DATASET CONTENT:
......
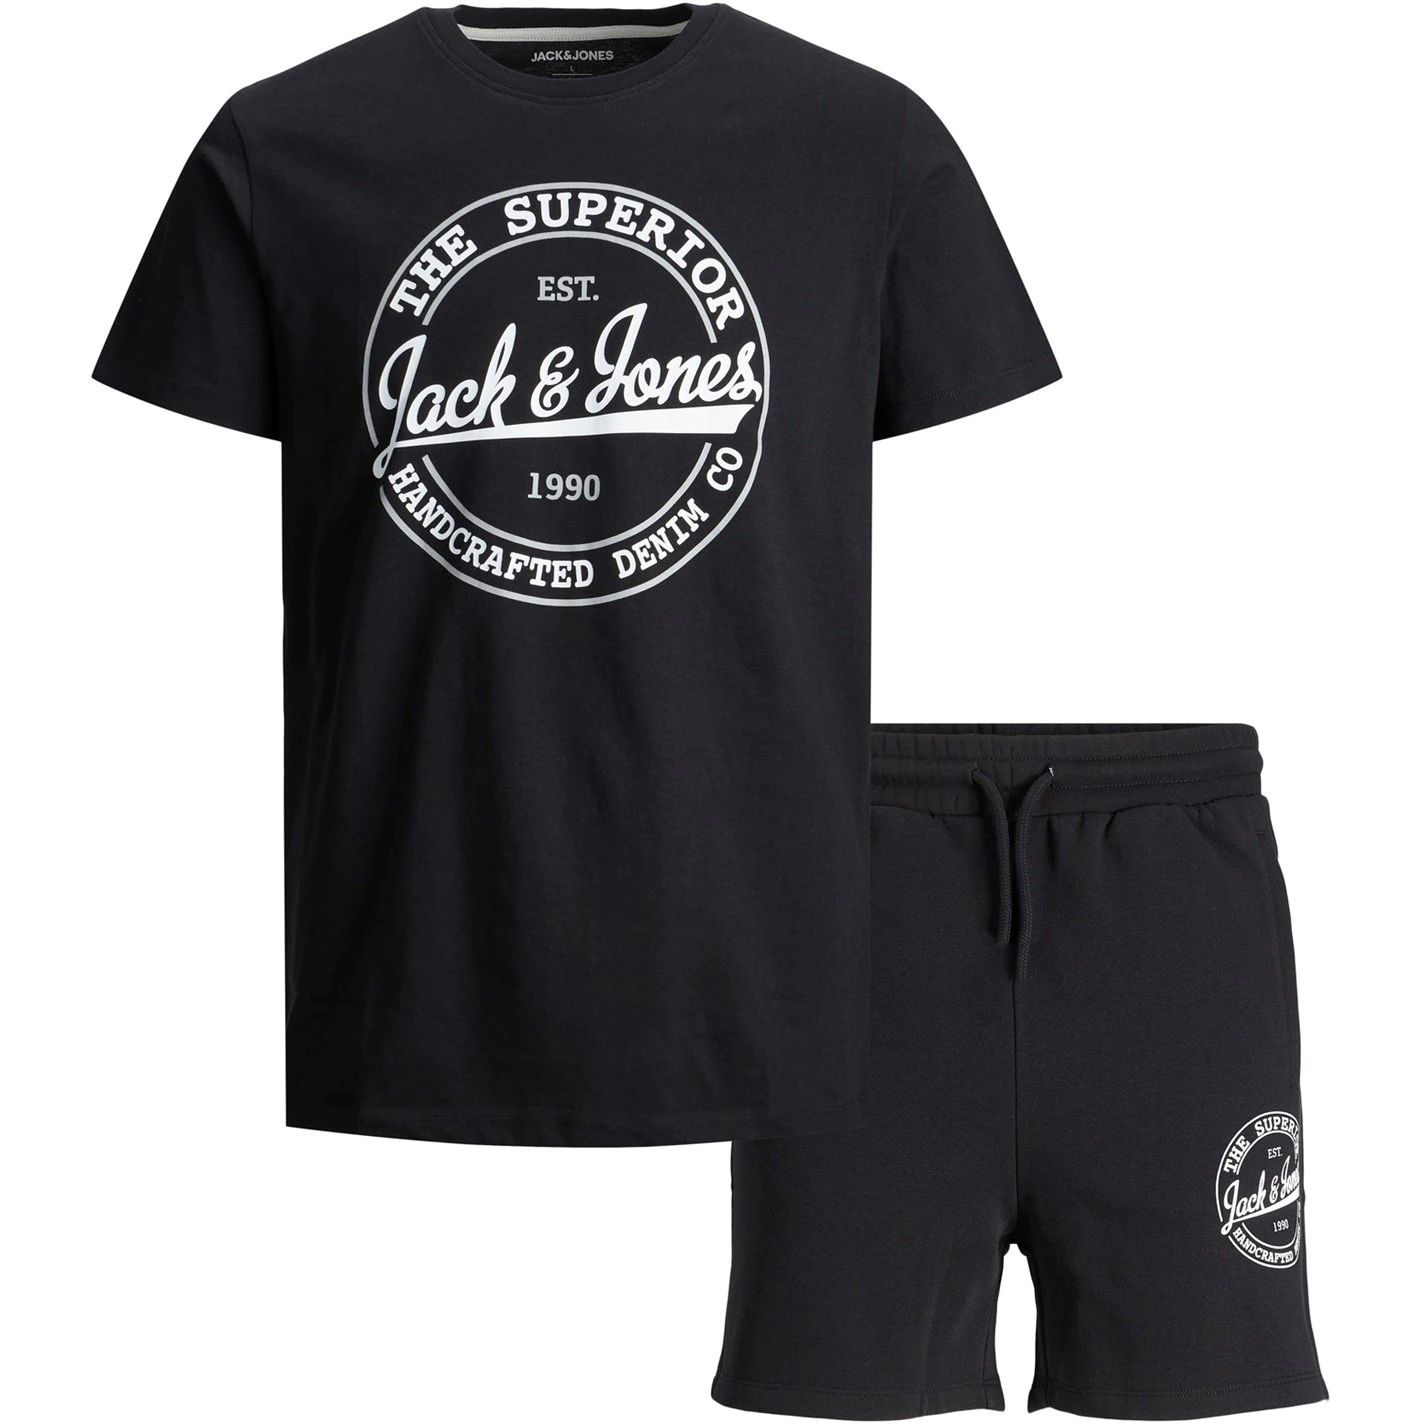 dětský set tričko + šortky JACK & JONES - BLACK
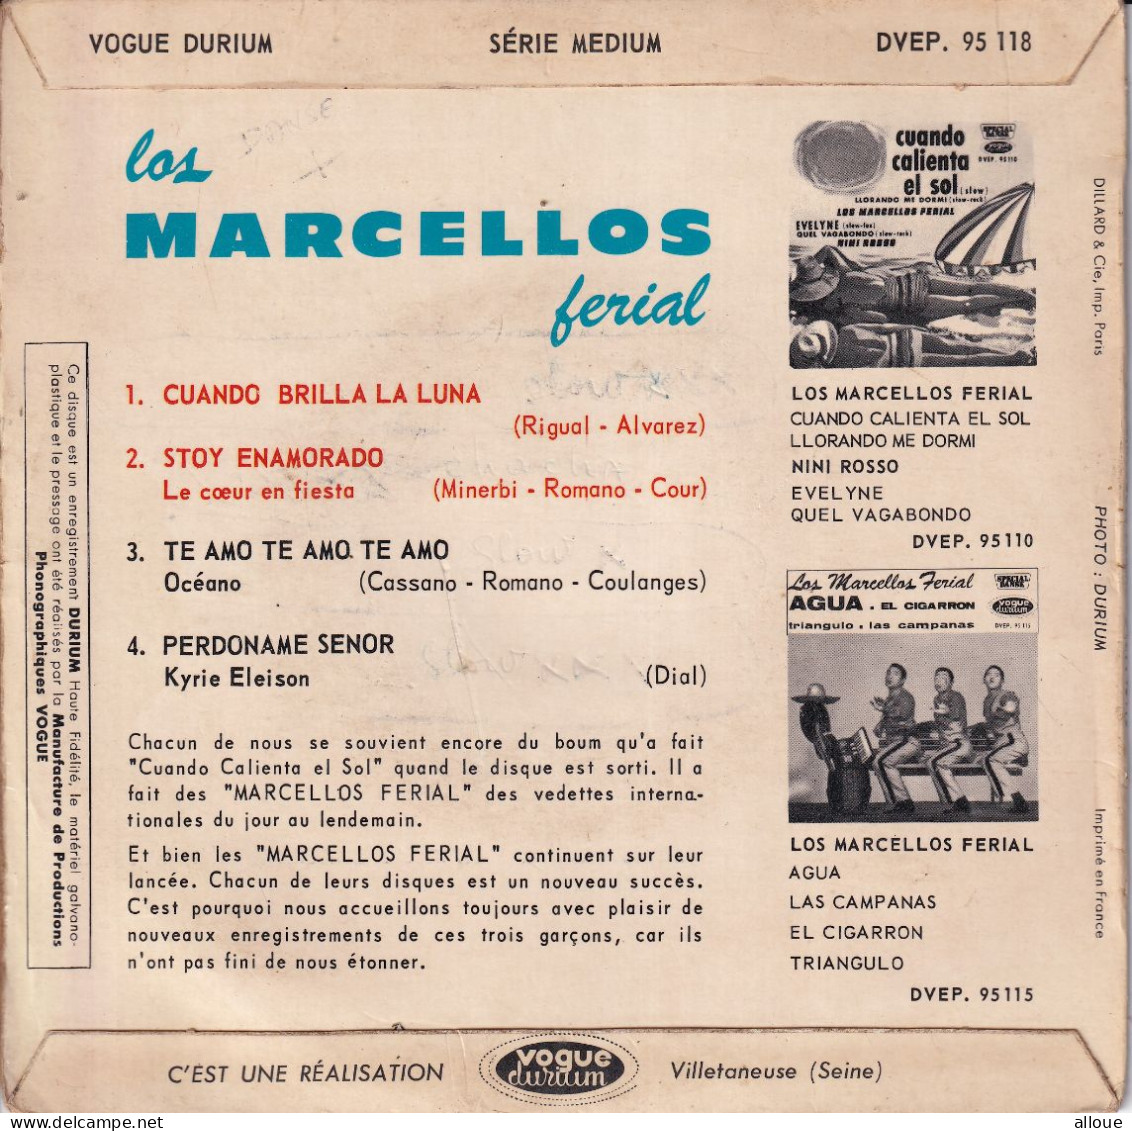 LOS MARCELLOS FERIAL - FR EP - CUANDO BRILLA LA LUNA + 3 - World Music
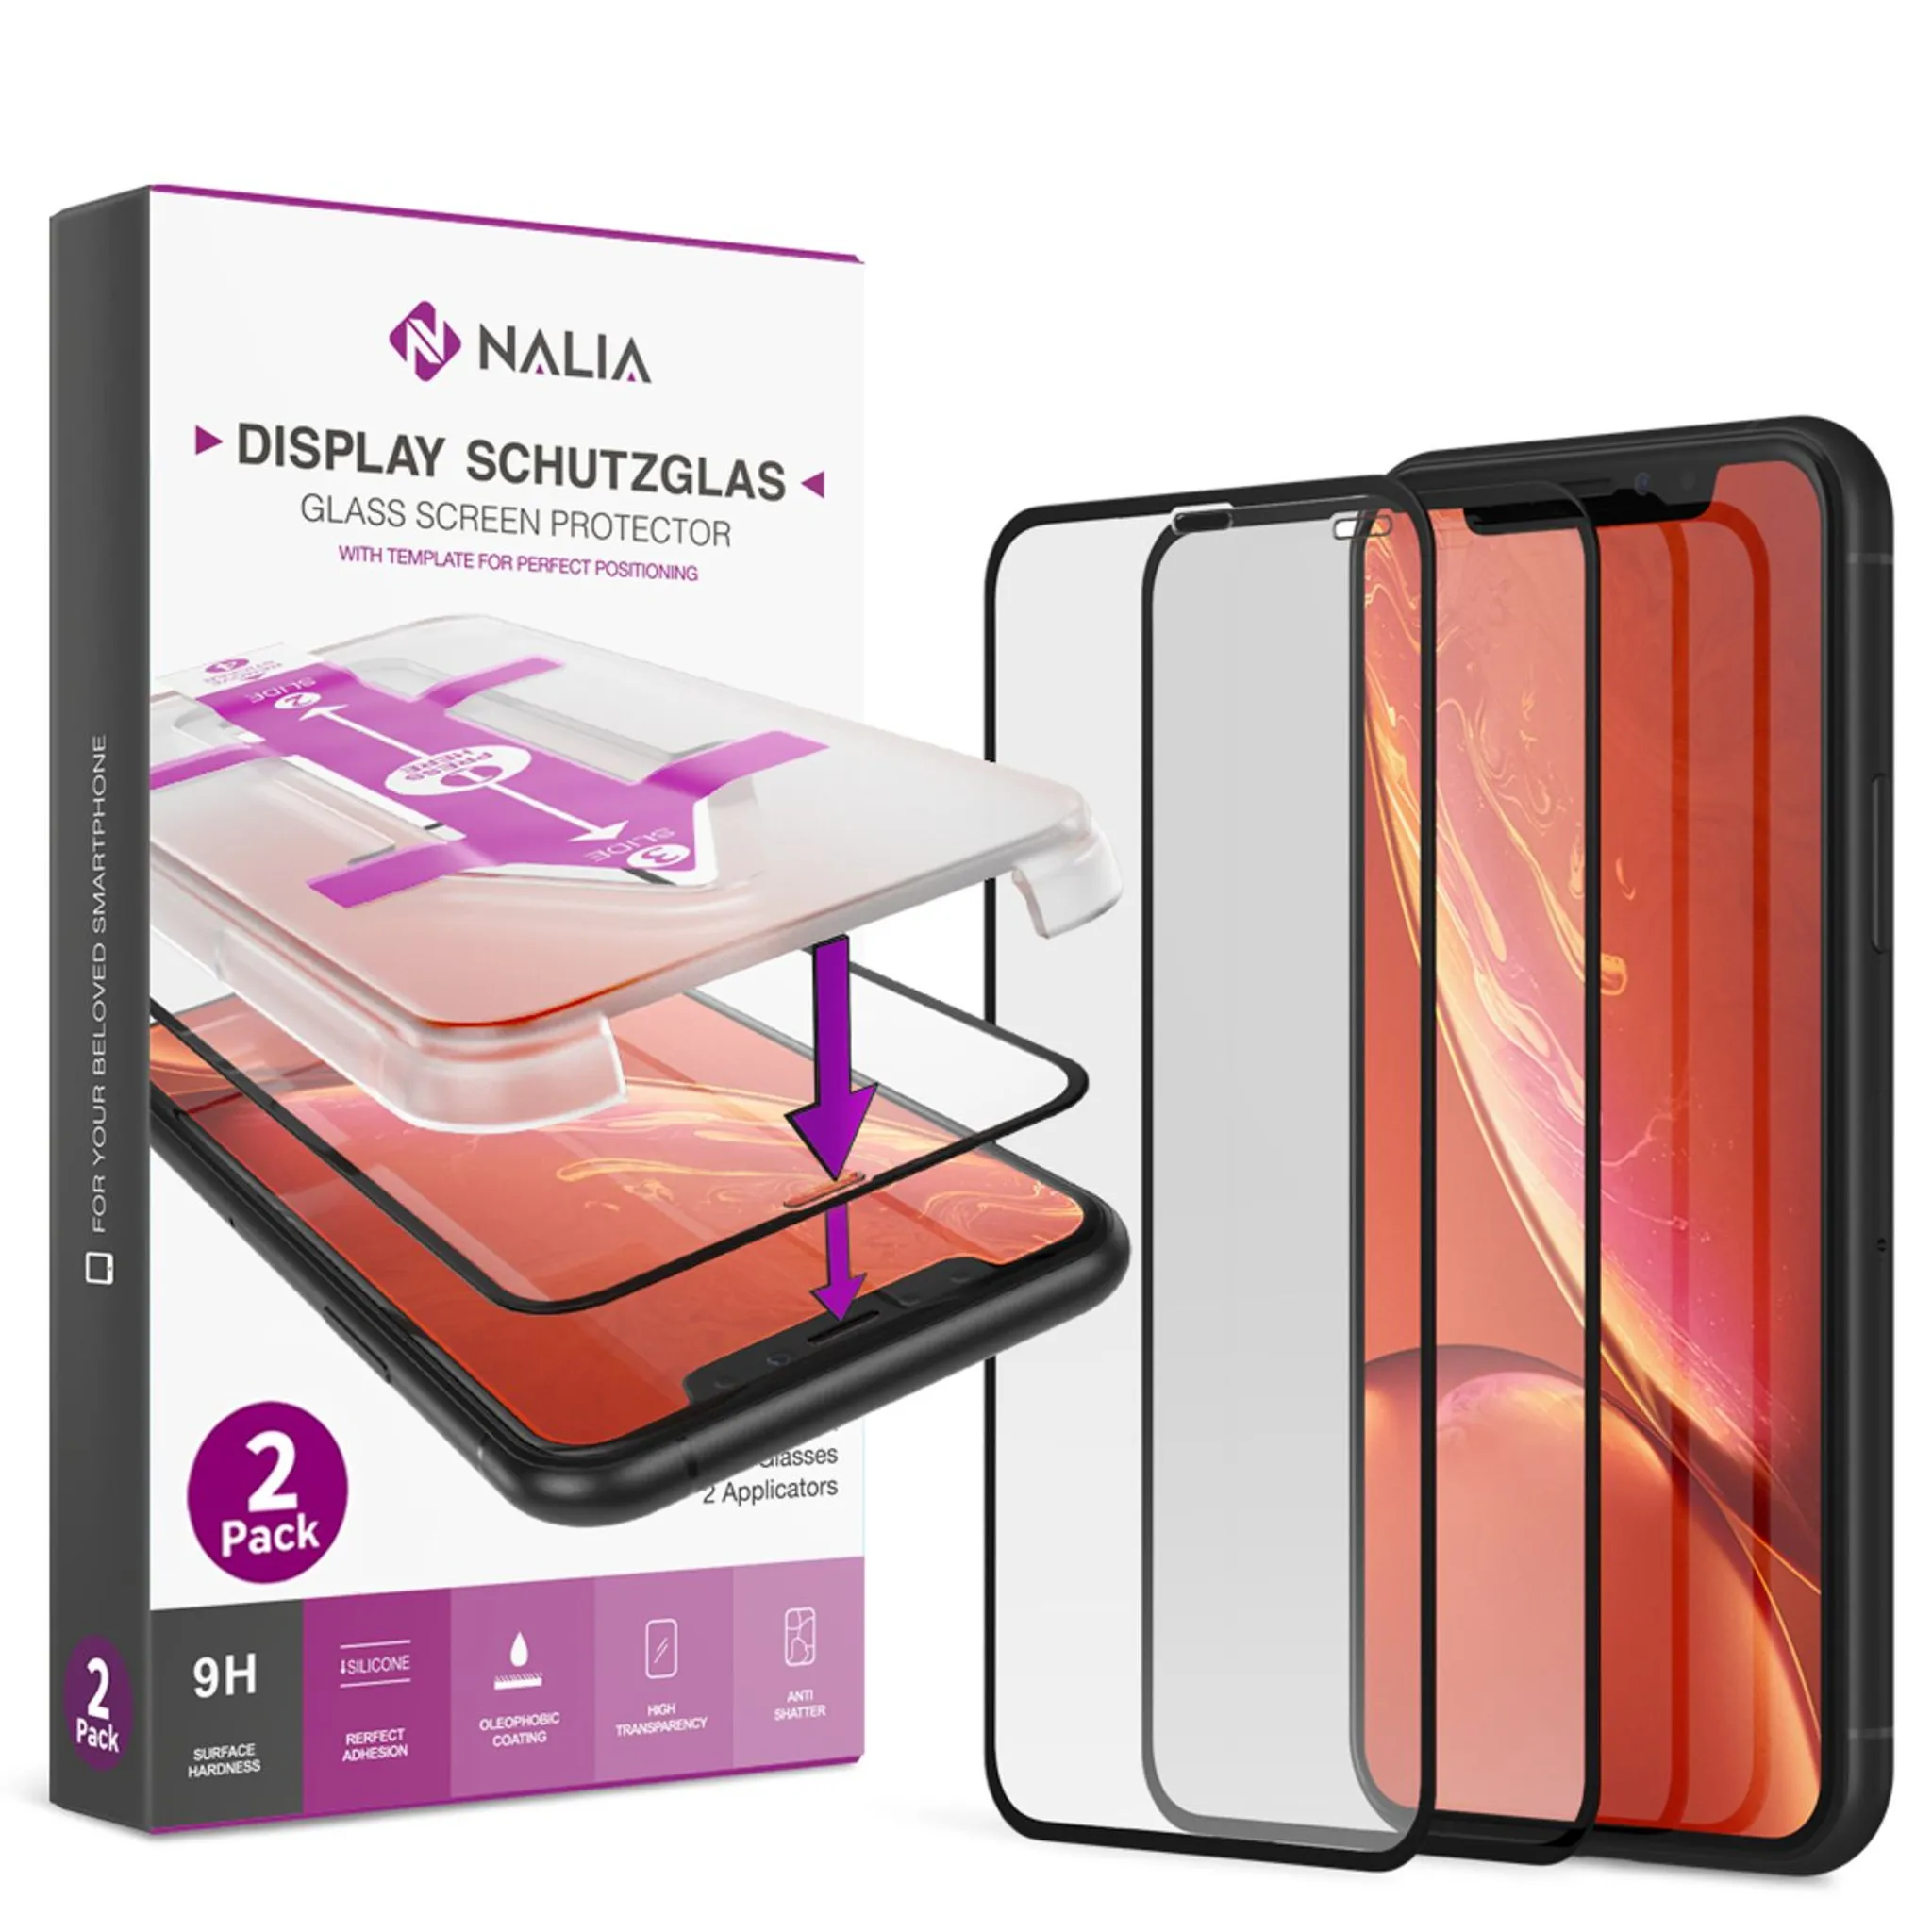 NALIA (2x) Schutzglas & Applikator kompatibel mit iPhone 11 / Xr, 9H  Full-Screen Glasfolie mit Schablone für einfache Installation, hoher Handy  Displayschutz Tempered Glass
......
WORK INSTRUCTIONS: Write out exactly and only the lines that run from the start of the data above through the line containing "LOS MARCELLOS FERIAL", leaving the pictures out.

SOLUTION FOR THIS PROBLEM:
 dětský set tričko + šortky JACK & JONES - BLACK
 LOS MARCELLOS FERIAL - FR EP - CUANDO BRILLA LA LUNA + 3 - World Music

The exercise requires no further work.